Science and Engineering at The University of Edinburgh

Theory Club

Explanatory note

This is a roughly weekly series of didactical blackboard talks focussing on some theoretical aspect of Condensed Matter, Biological, and Statistical Physics. The range of topics is sufficiently loosely defined that core interests within SUPA's CMMP theme, the agent-based modelling of complex systems relevant to the NANIA project, or whatever else takes our fancy are all accommodated.

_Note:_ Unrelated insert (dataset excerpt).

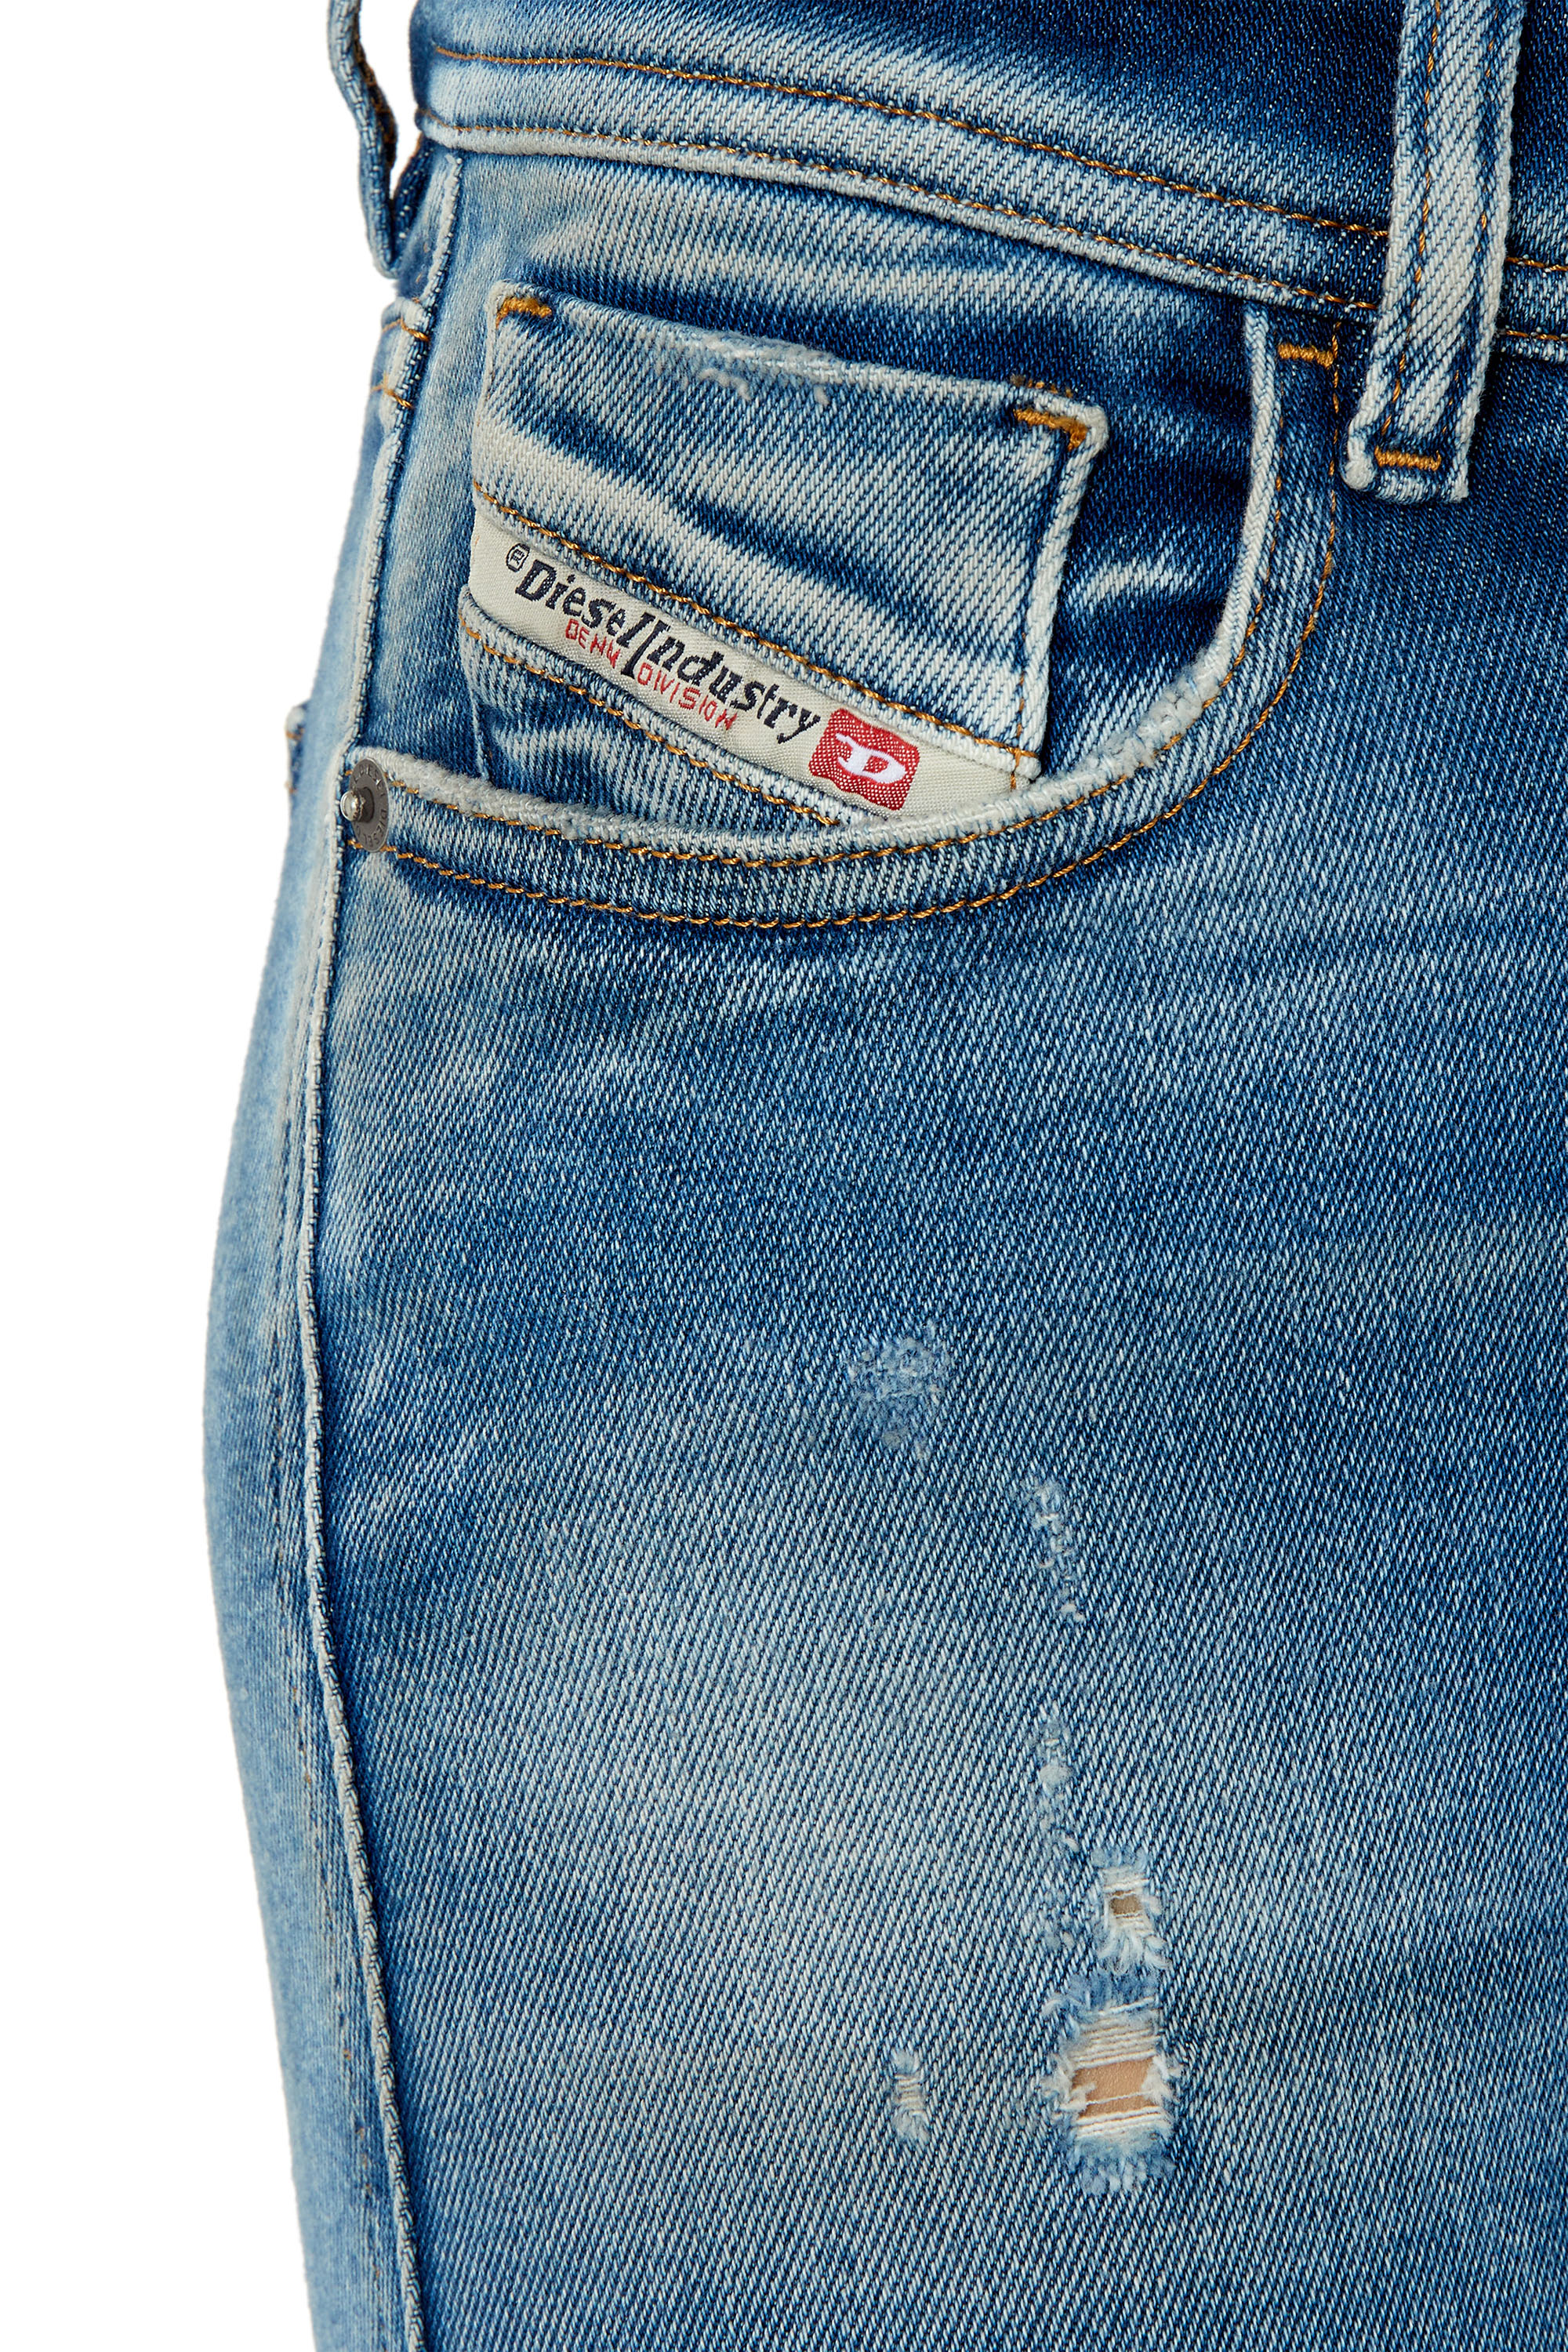 Diesel - Super skinny Jeans 2017 Slandy 09E91, Hellblau - Image 3

Actually, the best way to find out what we talk about is to look at the list of titles below.

If you're wanting to receive mailings about these talks, request a topic for discussion, or - even better - offer to lead the discussion yourself, please email either Juraj Szavits-Nossan, Peter Mottishaw or Chay Paterson.

Week beginning 1 March 2015

Wednesday 4 Mar 15 - 11:30am

An introduction to combinatorial physics and stochastic mechanics

Nicolas Behr

A standard result in the theory of chemical reaction systems states that the dynamics of the system is described by the so-called master equation, a first order ODE, derived based on the assumption of mass-action kinetics. Albeit an interpretation of this equation in terms of concepts from combinatorics had in principle been known since the early 1970s from the work of Navon and Katriel, it has only become apparent much more recently due to the work of [Duchamp et al.] that in fact there exists a very fundamental link between (ODEs of the type of) the master equation one the one hand, and so-called evolutionary groups and boson normal ordering on the other hand, which in turn are amongst the core concepts of modern combinatorics. Duchamp and coworkers chose to call this research field "combinatorial physics".


In this talk, I will give an introduction to combinatorial physics and present its ties with so-called "stochastic mechanics" (cf. [Baez et al.]), i.e. the modern formulation of chemical reaction systems in the language of creation and annihilation operators acting on a particular type of bosonic Fock space. I will not assume any particular previous knowledge from the audience, albeit colleagues with a background in quantum mechanics will presumably find it amusing to see that the construction of stochastic mechanics is remarkably analogous to that of quantum mechanics!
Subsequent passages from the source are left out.